Automatic Clinical Assessment of Swallowing Behavior and Diagnosis of Silent Aspiration Using Wireless Multimodal Wearable Electronics.

Dysphagia is more common in conditions such as stroke, Parkinson's disease, and head and neck cancer. This can lead to pneumonia, choking, malnutrition, and dehydration. Currently, the diagnostic gold standard uses radiologic imaging, the videofluoroscopic swallow study (VFSS); however, it is expensive and necessitates specialized facilities and trained personnel. Although several devices attempt to address the limitations, none offer the clinical-grade quality and accuracy of the VFSS. Here, this study reports a wireless multimodal wearable system with machine learning for automatic, accurate clinical assessment of swallowing behavior and diagnosis of silent aspirations from dysphagia patients. The device includes a kirigami-structured electrode that suppresses changes in skin contact impedance caused by movements and a microphone with a gel layer that effectively blocks external noise for measuring high-quality electromyograms and swallowing sounds.
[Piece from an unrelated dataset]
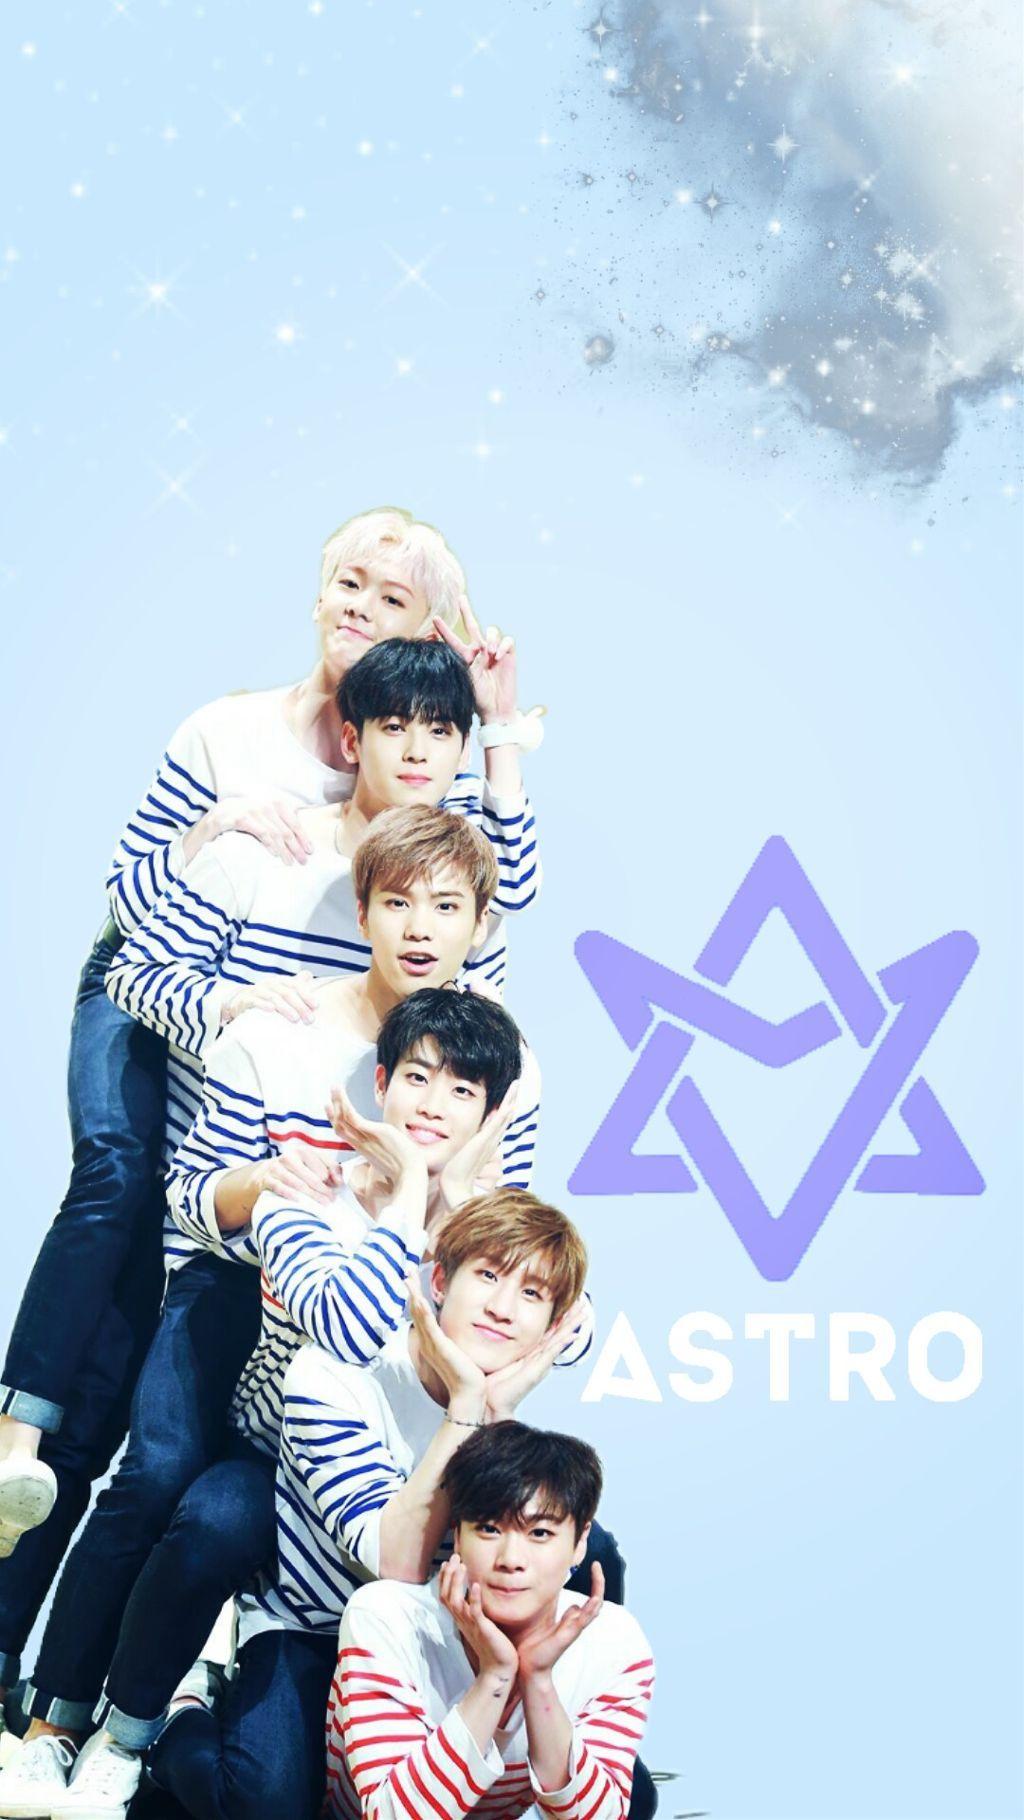 astro astrokpop kpop wallpaper moonbin moonbinastro jin

The deep learning algorithm offers the classification of swallowing patterns while diagnosing silent aspirations, with an accuracy of 89.47%. The demonstration with post-stroke patients captures the system's significance in measuring multiple physiological signals in real-time for detecting swallowing disorders, validated by comparing them with the VFSS. The multimodal electronics can ensure a promising future for dysphagia healthcare and rehabilitation therapy, providing an accurate, non-invasive alternative for monitoring swallowing and aspiration events.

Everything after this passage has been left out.